Toute la famille n’avait qu’une pelisse pour se vêtir et se couvrir. Il est vrai que les enfants pouvaient se réchauffer en jouant et en courant et les grandes personnes en travaillant. Il y avait un autre moyen de se réchauffer, c’était de grimper sur le poêle où la température atteignait 40 degrés.

Il paraîtrait que la vie dans ces conditions devait être insupportable ; il n’en était rien en réalité.

Akoulina, la femme, nettoyait les enfants, cousait tout ce qu’il leur fallait, filait, tissait, blanchissait la toile, faisait la cuisine sur le grand poêle commun, se querellait et cancanait avec les voisines.

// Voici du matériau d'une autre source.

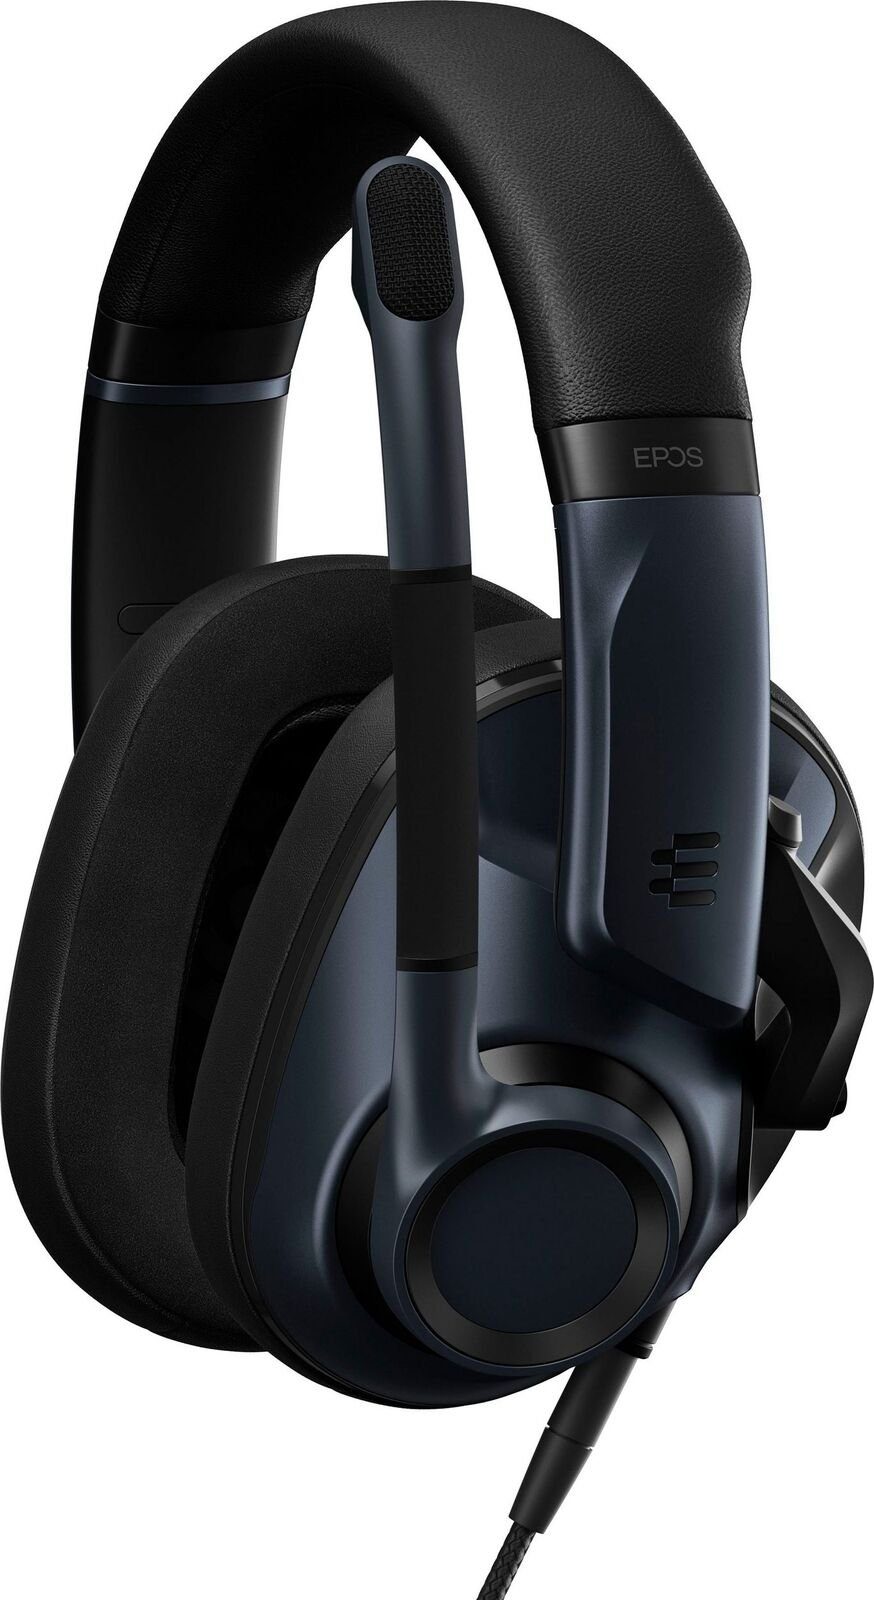 hat Pro Kopfhörer H6 Gaming-Headset, mit Mikrofon schlankere Acoustic EPOS ein Bügelarm Diese EPOS Closed

La part mensuelle du seigle que leur donnaient les maîtres était suffisante pour faire tout le pain de la famille et nourrir les poules. Le bois était à discrétion, le fourrage pour les bêtes aussi. On avait un petit morceau de terre pour potager. La vache avait ses petits, les poules, pondaient.

Polikei était attaché à l’écurie. Il avait charge de deux étalons, soignait les chevaux et le bétail ; nettoyait les sabots des chevaux et en cas de besoin les frictionnait avec une pommade de son invention.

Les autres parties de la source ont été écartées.